Part 6: Limitations and Future Work

Limitations

  1. No shooter skill adjustment: Same xPts for Curry and average shooter
  2. Limited pre-shot actions: Don't capture full play development
  3. No fatigue/game state interaction: Early vs. late game may differ
  4. Tracking data availability: Not available for all levels

Future Improvements

  1. Add shooter-specific adjustments
  2. Incorporate play-type context
  3. Model shot fake and pump fake scenarios
  4. Include time-varying fatigue effects

Conclusion

Tracking data enables shot quality models that significantly outperform location-only baselines. Key factors include defender proximity, shooter movement, and touch time.

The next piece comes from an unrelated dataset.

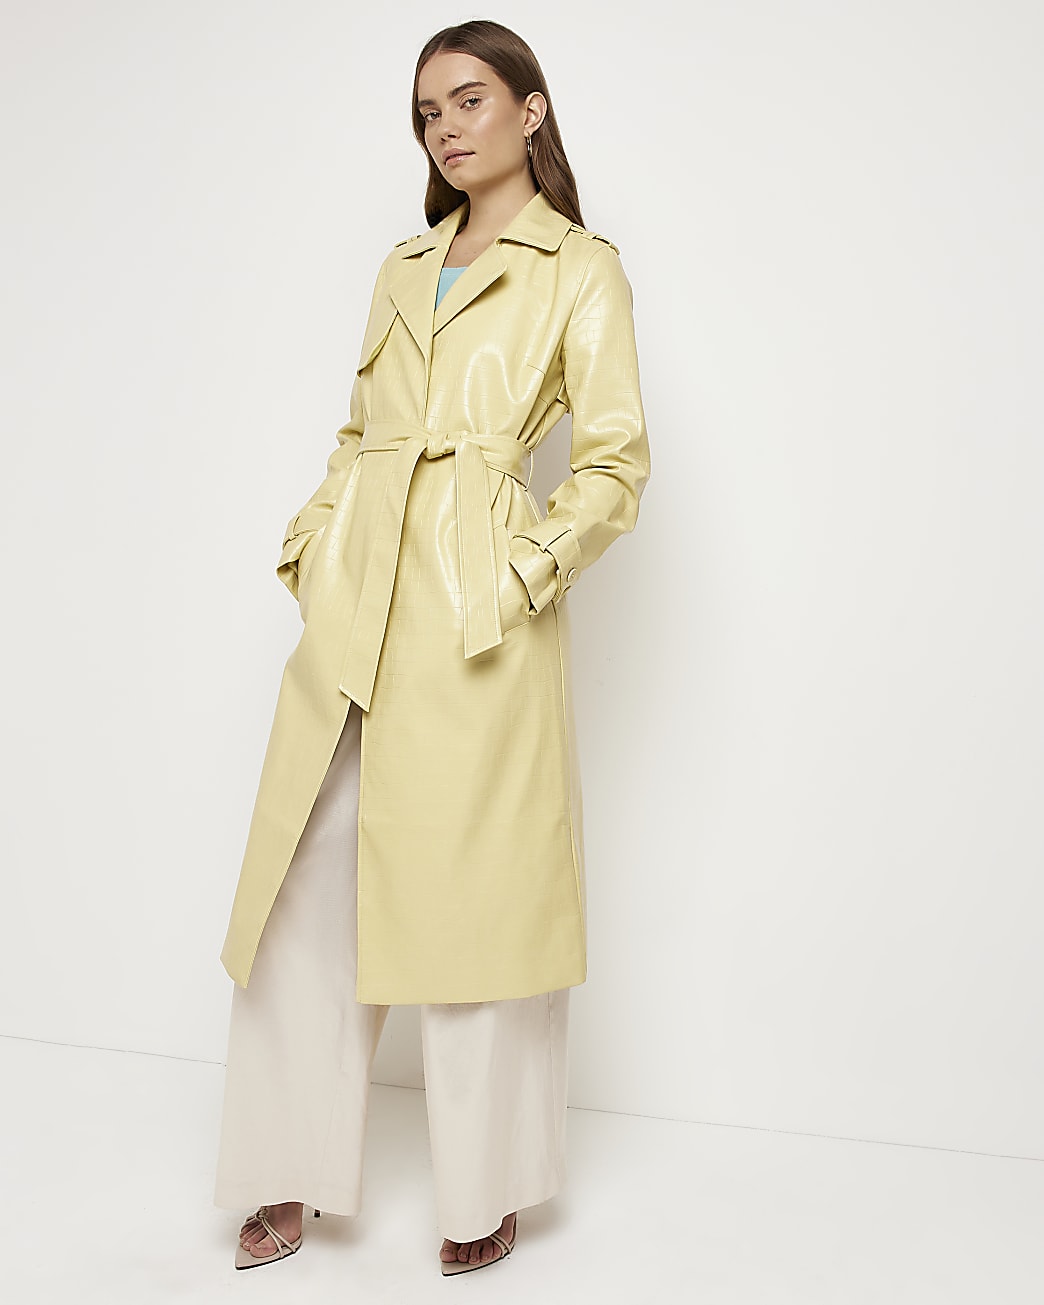 
Yellow Faux Leather Longline Trench Coat, River Island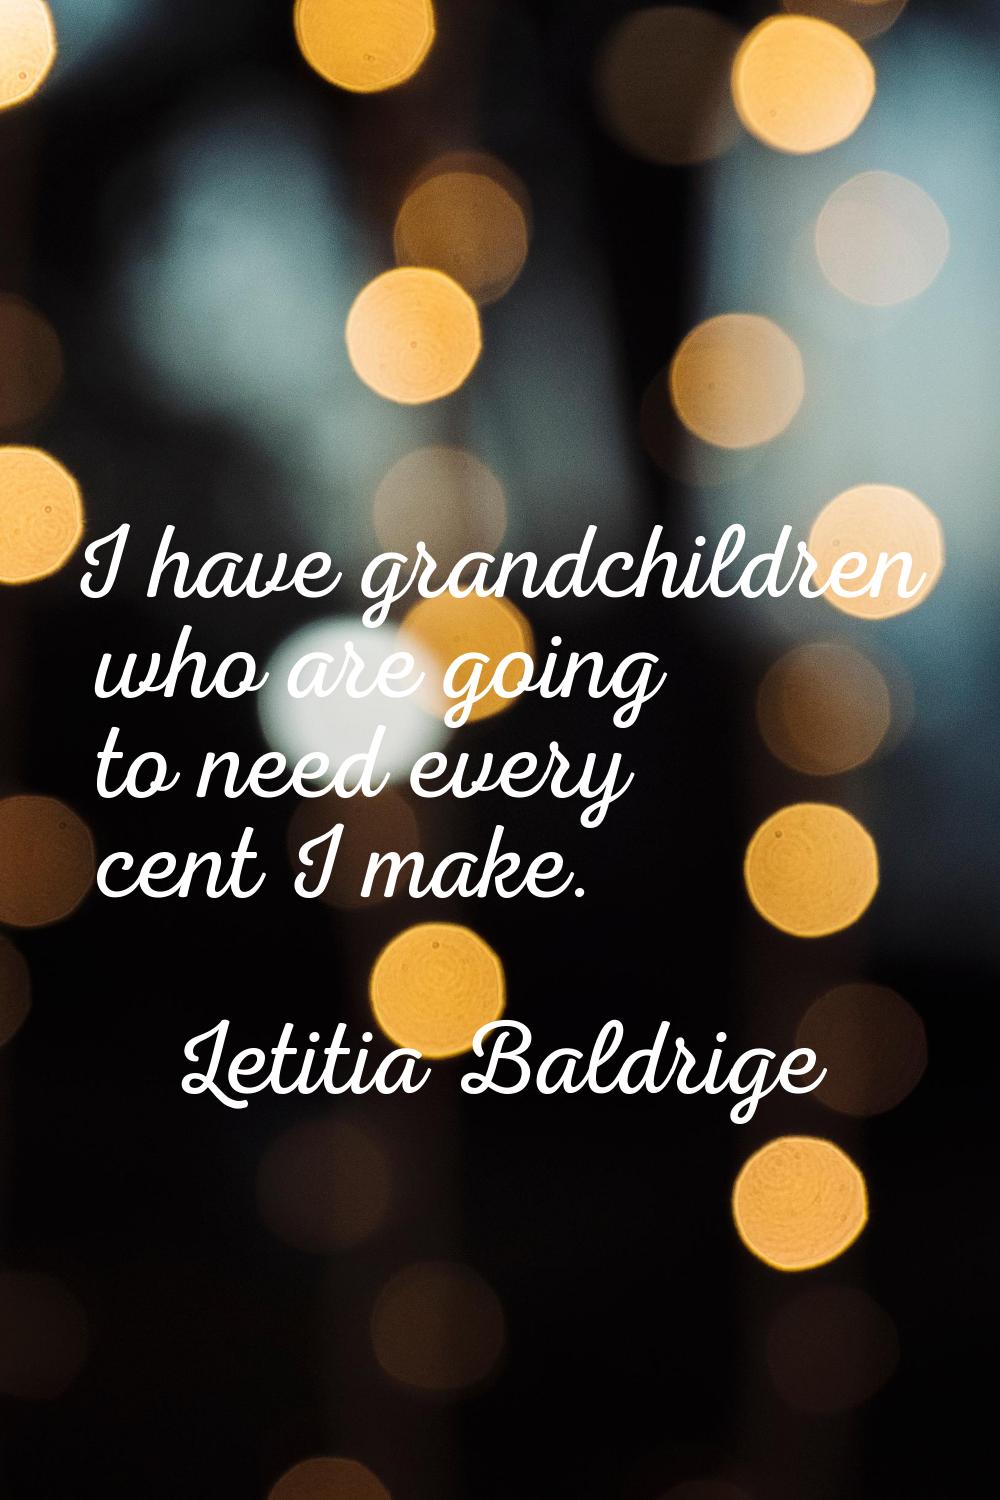 I have grandchildren who are going to need every cent I make.

These models have practical applications for shot selection analysis, defensive evaluation, and real-time broadcasting.

Exercises

Exercise 1

Calculate the expected points for the following shots using a simplified model: - 15-foot jumper, open (4+ feet from defender) - 15-foot jumper, contested (2 feet from defender) - 3-pointer, catch-and-shoot, open - 3-pointer, off-dribble, contested

Exercise 2

Design features to capture "shot difficulty" that aren't already included in the model.

Exercise 3

How would you modify this model for college basketball where tracking data is less available?